GIVEN INFORMATION:
Content starts
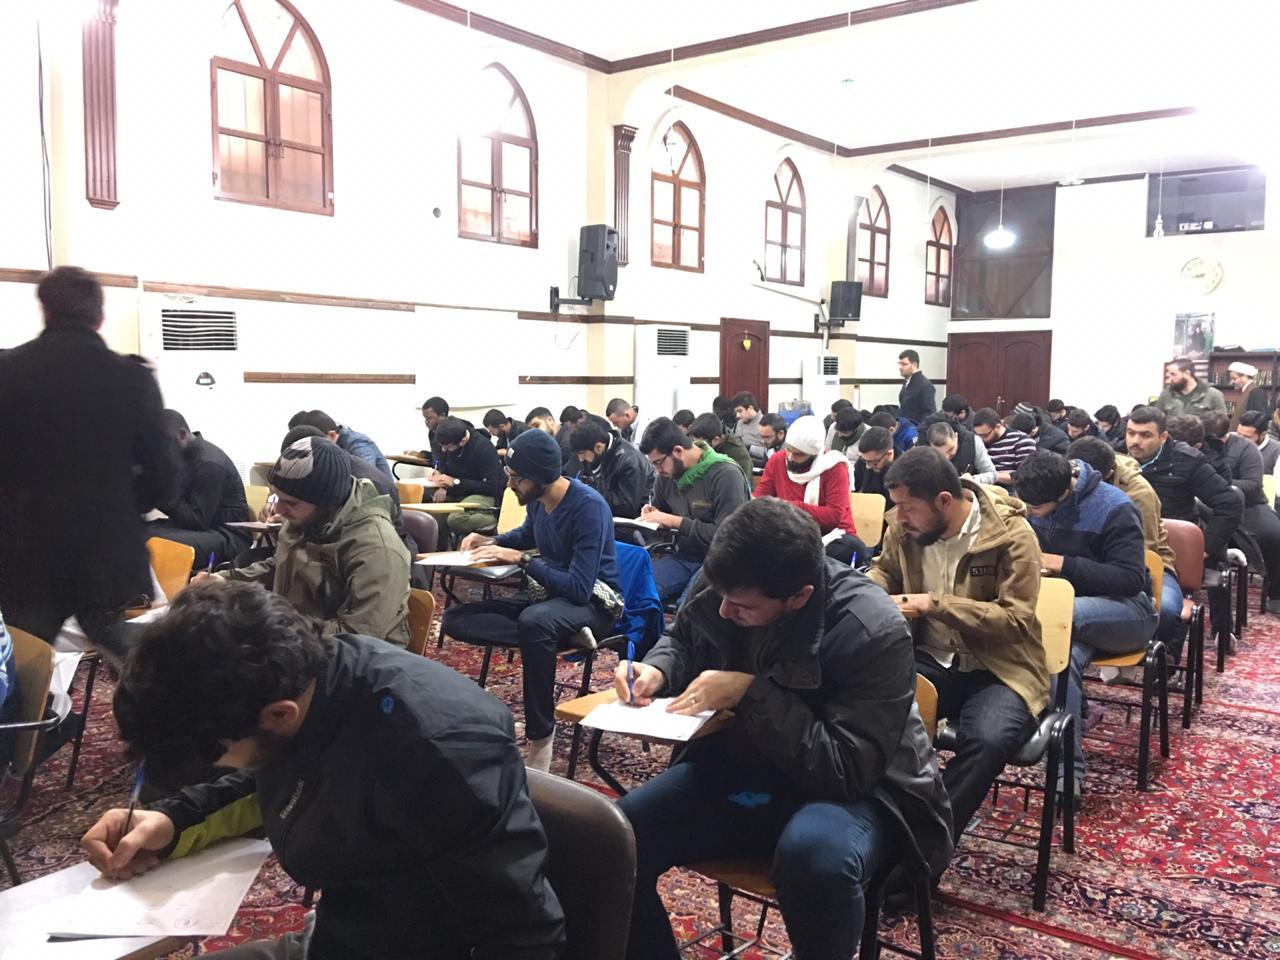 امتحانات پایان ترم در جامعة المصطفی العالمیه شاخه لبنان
Content ends
Content starts
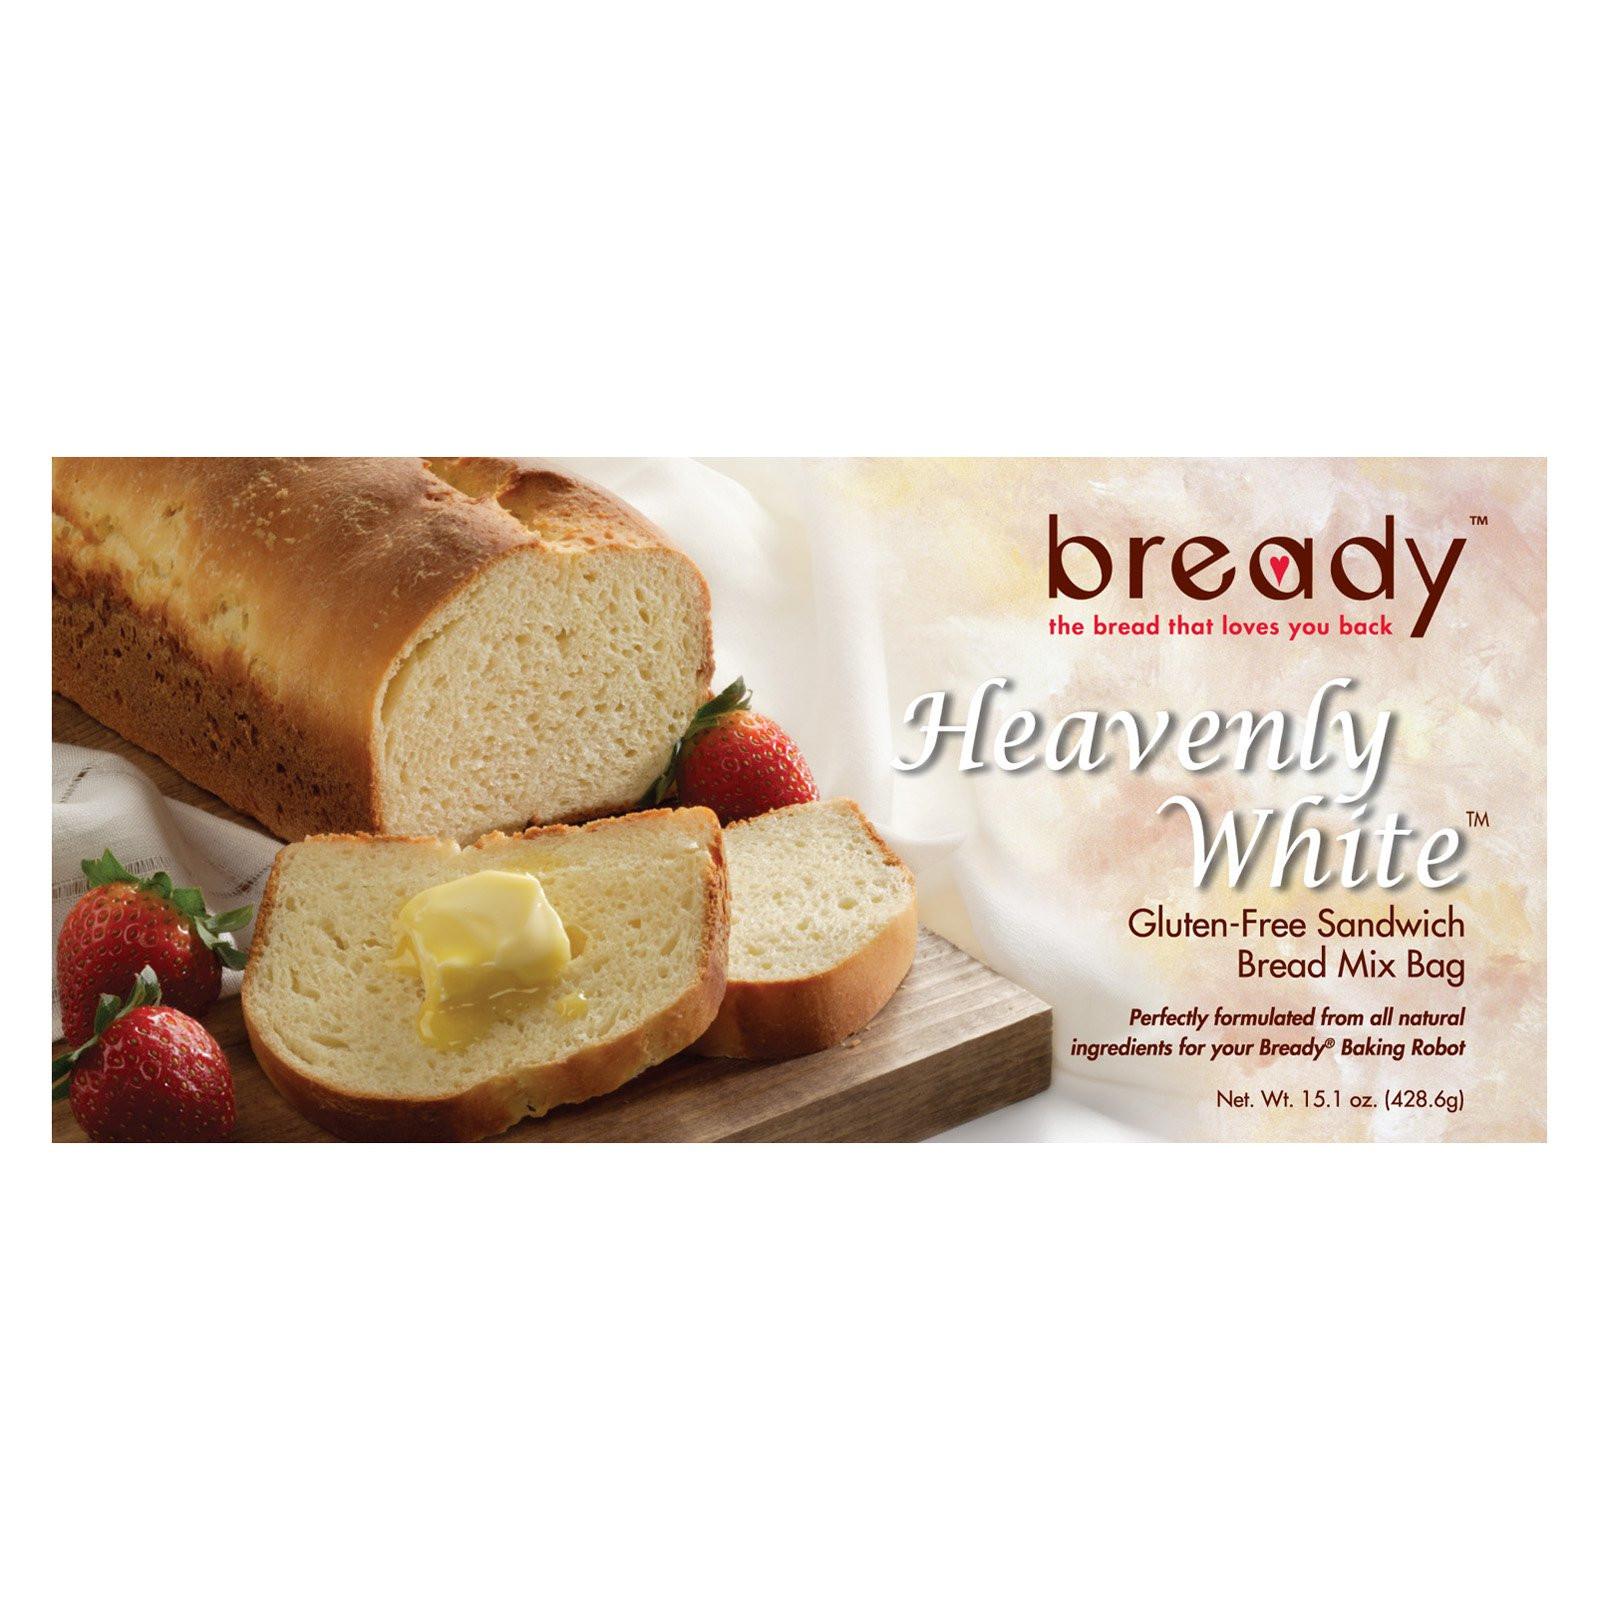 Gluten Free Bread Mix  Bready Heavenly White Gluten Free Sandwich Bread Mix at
Content ends
Content starts
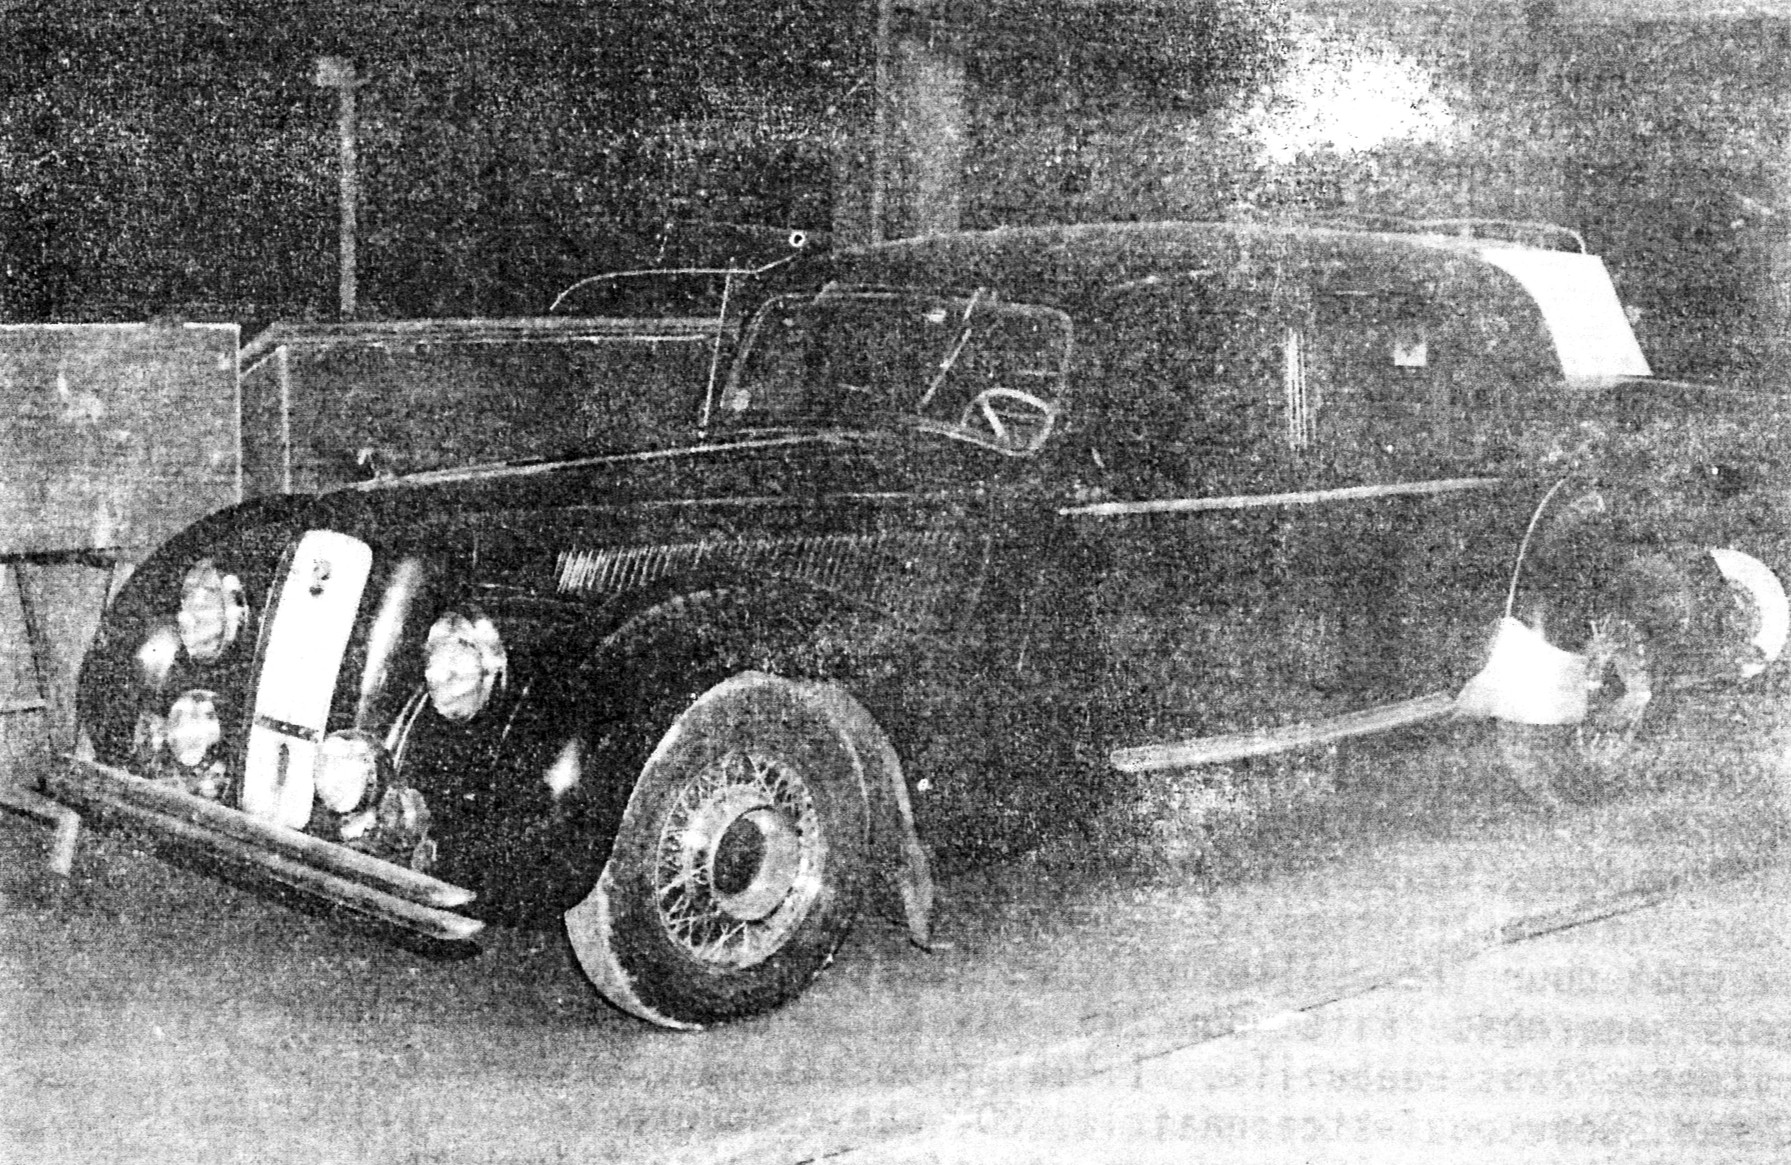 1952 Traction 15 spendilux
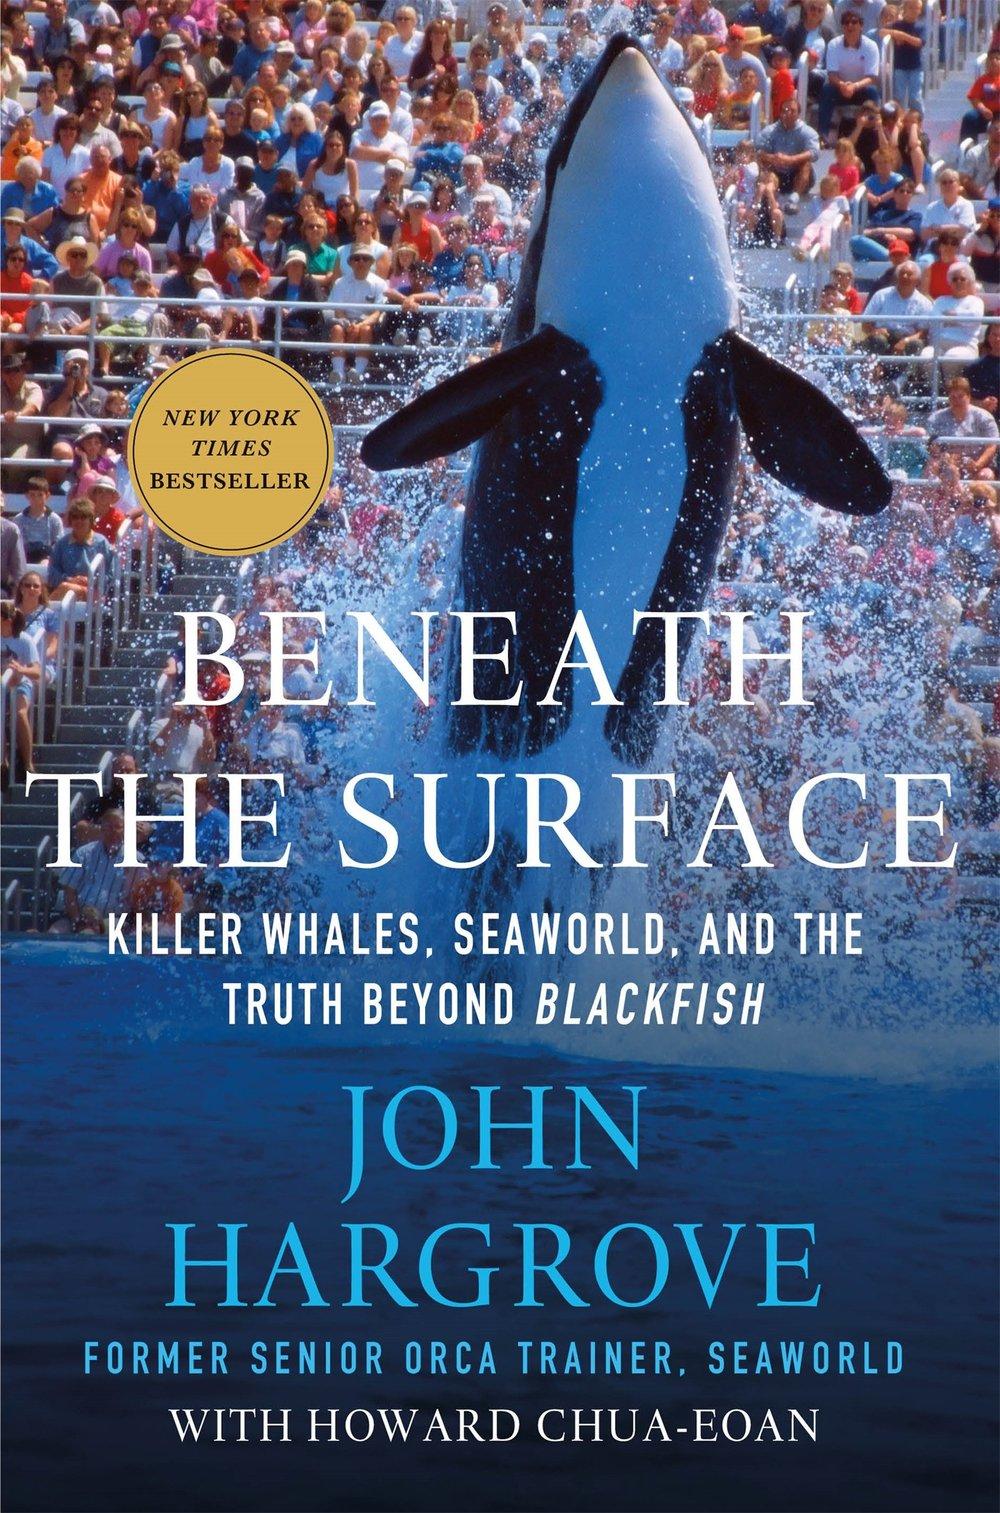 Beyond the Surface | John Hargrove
Content ends
WORK ITEM: In the material above, which lines fall between the one holding "1952 Traction 15 spendilux" and the one holding "Beyond the Surface | John Hargrove", inclusive? Print exactly those, with the pictures left out.

TASK ANSWER:
 1952 Traction 15 spendilux
 Beyond the Surface | John Hargrove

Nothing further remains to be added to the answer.